* Work instruction *
Exact copy, pictures excluded: set down only the lines from the one with "This object was" through the end of the entries, keeping both end lines.

Start of Input data

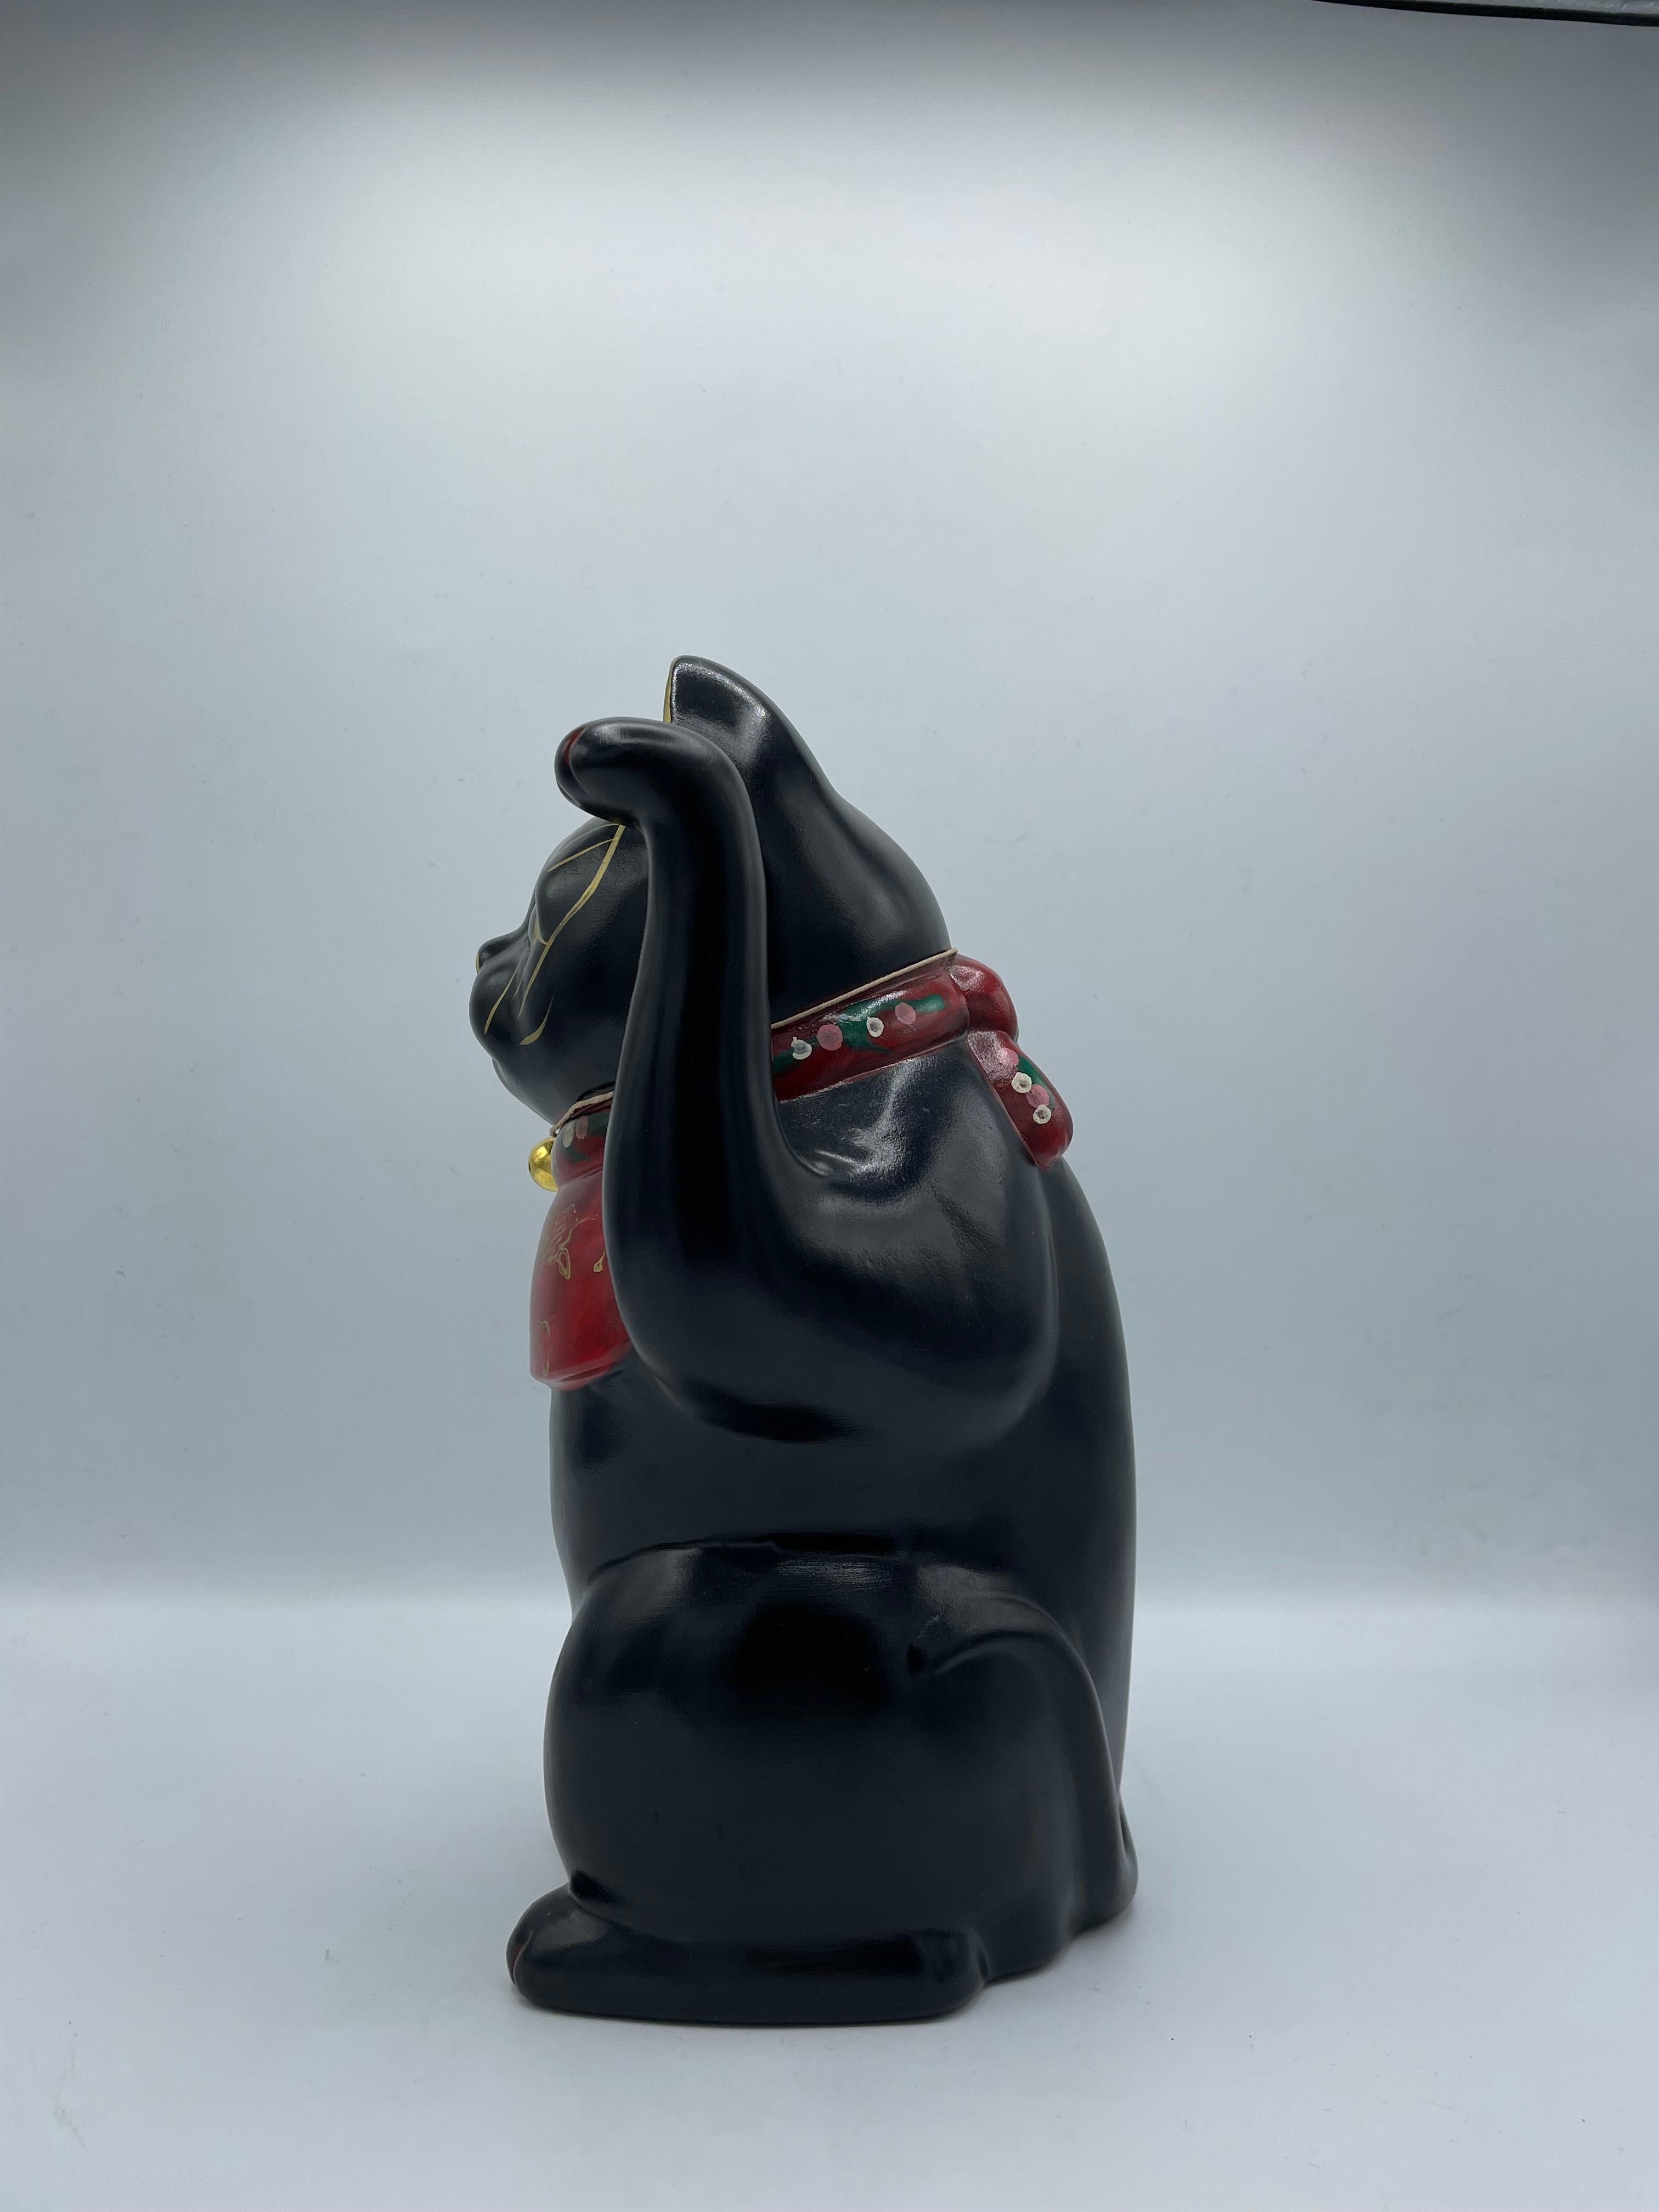 This is an antique maneki neko cat object. It is painted in black and around the neck, it is in red.
This object was made in Japan around 1960s in showa era.

Dimensions: 13.5 x 13 x H26 cm

The maneki-neko is a common Japanese figurine which
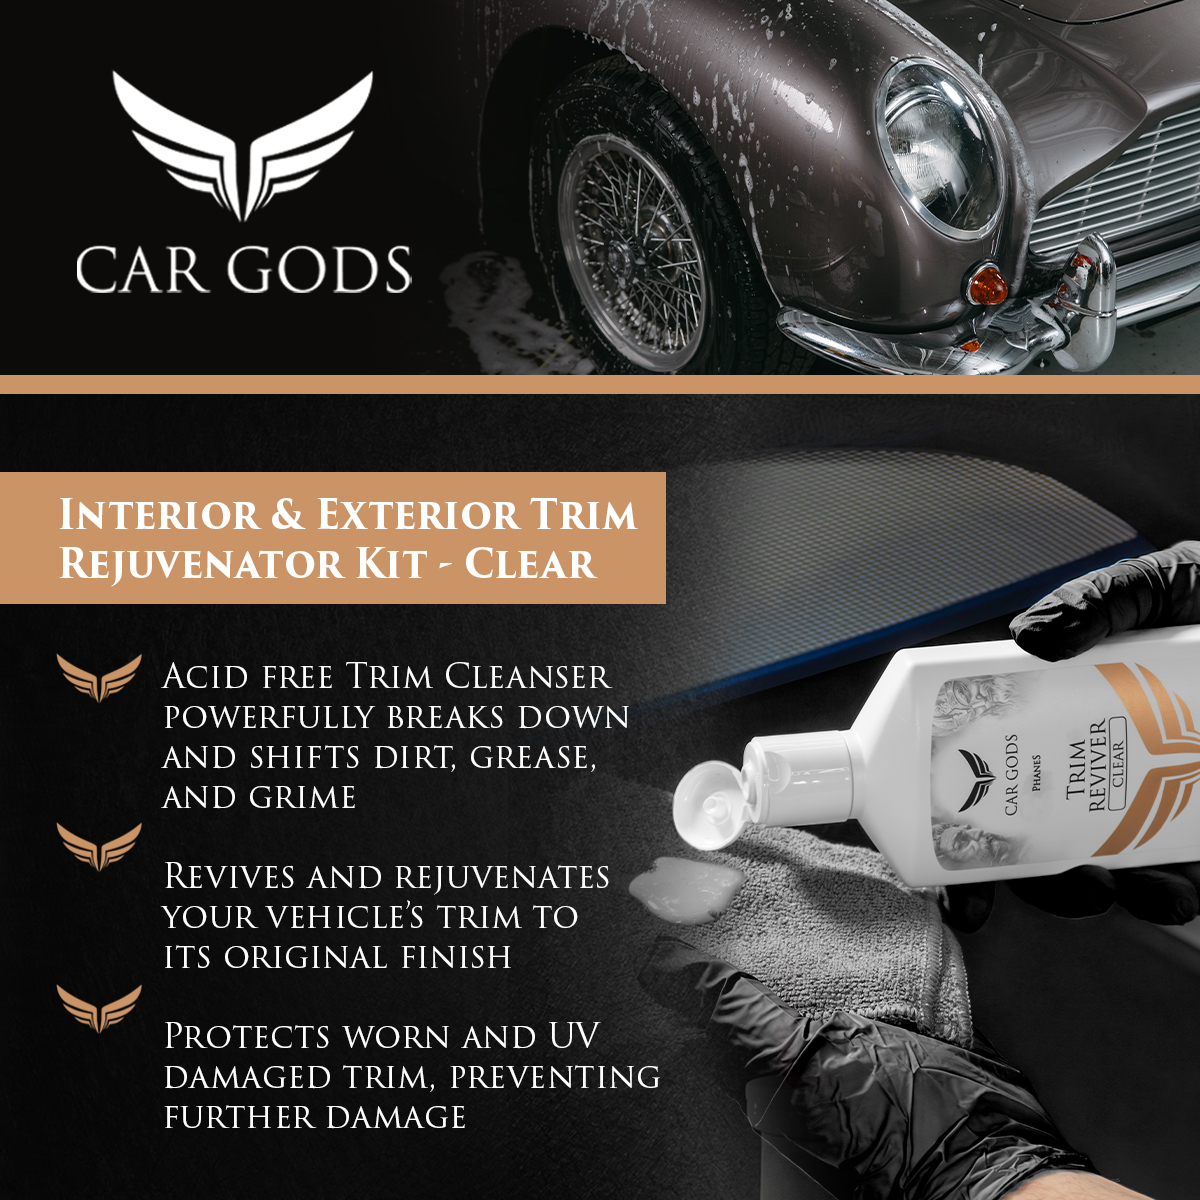 Car Gods Clear Trim Reviver Kit. Acid-free Trim Cleanser designed to powerfully breaks down and shifts dirt, grease and grime, reviving your vehicle’s trim to the original finish. The Trim reviver is designed to protect worn and UV damaged trim.

End of Input data

* Problem solution *
This object was made in Japan around 1960s in showa era.

Dimensions: 13.5 x 13 x H26 cm

The maneki-neko is a common Japanese figurine which
 Car Gods Clear Trim Reviver Kit. Acid-free Trim Cleanser designed to powerfully breaks down and shifts dirt, grease and grime, reviving your vehicle’s trim to the original finish. The Trim reviver is designed to protect worn and UV damaged trim.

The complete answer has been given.